On implementing a text-database-as-a-service
Abstract
The emergence of heterogeneous big data in the last decade calls for a hybrid data service that can manage all different kinds of data, including relational data, JSON data, and text data in a unified way. Among them, text data play an important role in many fields such as Internet-of-Things, biology, social network, and etc. For example, a smart meter application detecting the anomaly of the electricity use might want to link each anomaly of a certain area to a meaningful social event mined from the news in plain text. As a result, text data services have raised more and more attentions by the research community. Most of such services are implemented based on a content management system such as ElasticSearch and Solr. However, we found that the mere content management capabilities are not enough. On one hand, text data query often requires join operations to relational data or JSON data in an existing DBMS. On the other hand, users often have to pull the big text data out to an independent system or service for further text analytics. In this paper, we present our Text-DataBase-as-a-Service (TDBaaS), which is built on top of the Hybrid Data Service (HDS) from IBM Research.
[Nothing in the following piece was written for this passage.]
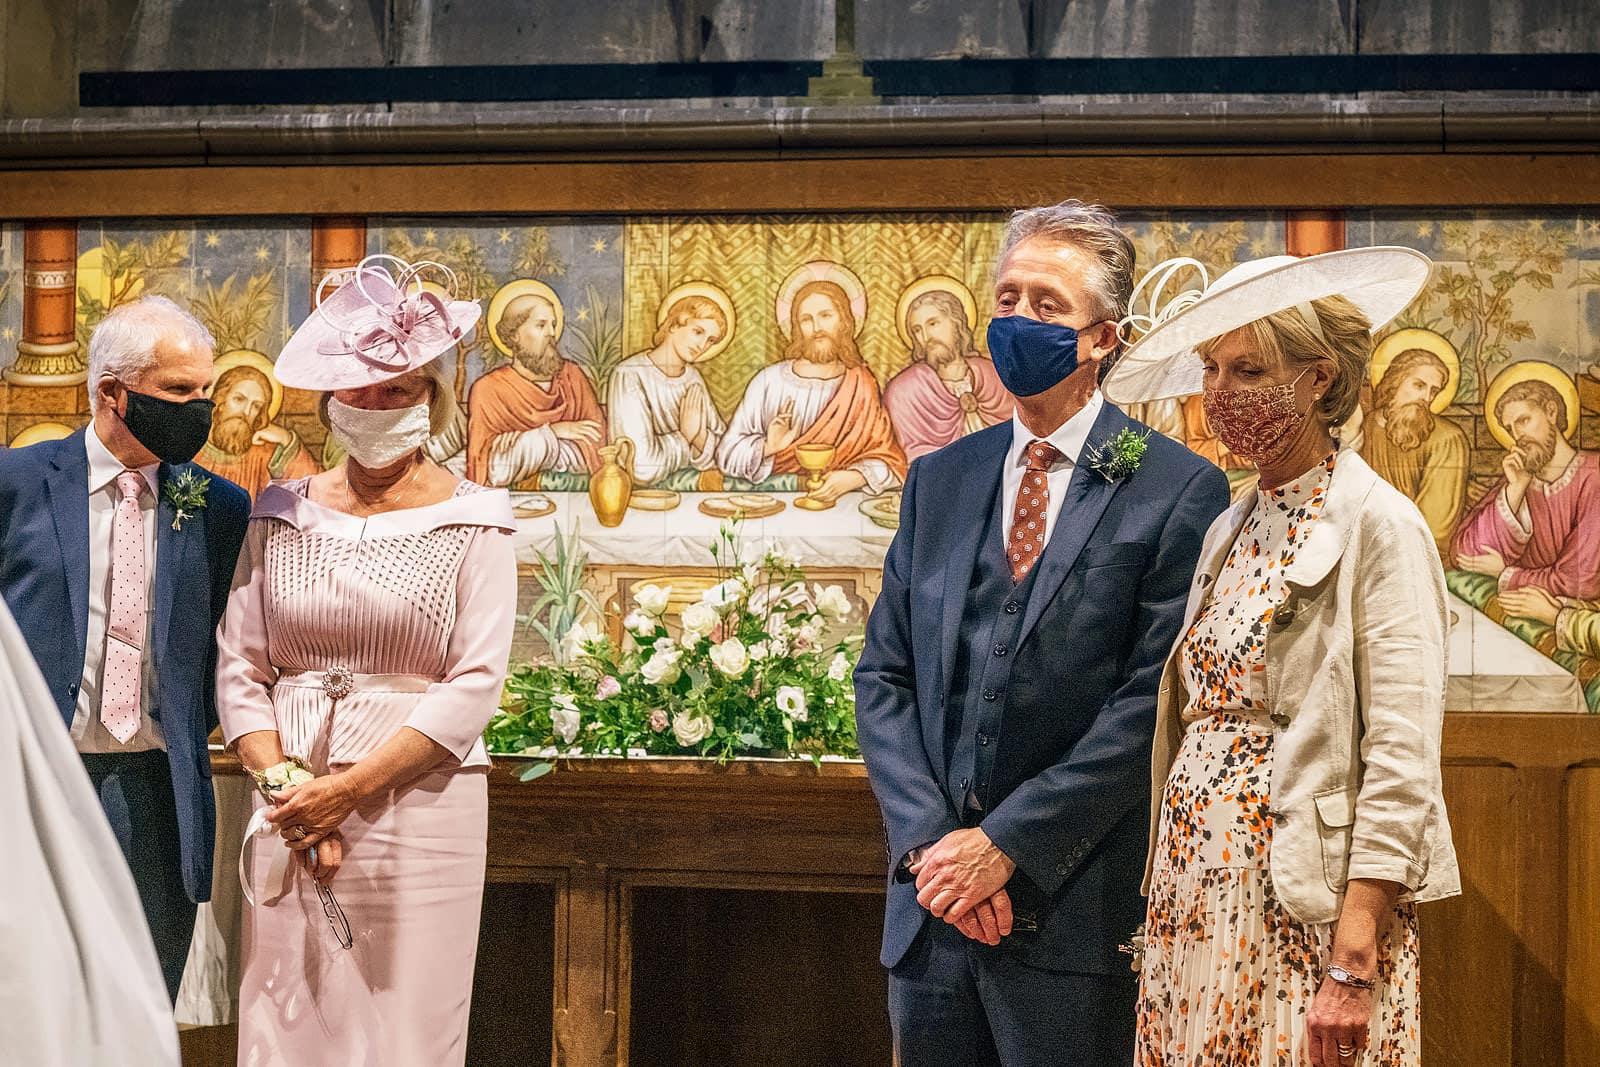 Corona Virus micro wedding

The TDBaaS is designed to manage the text data together with relational data and JSON data in a single service. Basic text analytics can be conducted directly inside the database in the form of general SQLs. Moreover, the extensible framework allows the service to have abundant text analytic capabilities with high performance. As a case study, we investigate in the implementation of the top-k word algorithm, and show how the common computations are shared across different tenants in the TDBaaS. The experimental results demonstrate the high performance of the TDBaaS on both text data management and text data analytics.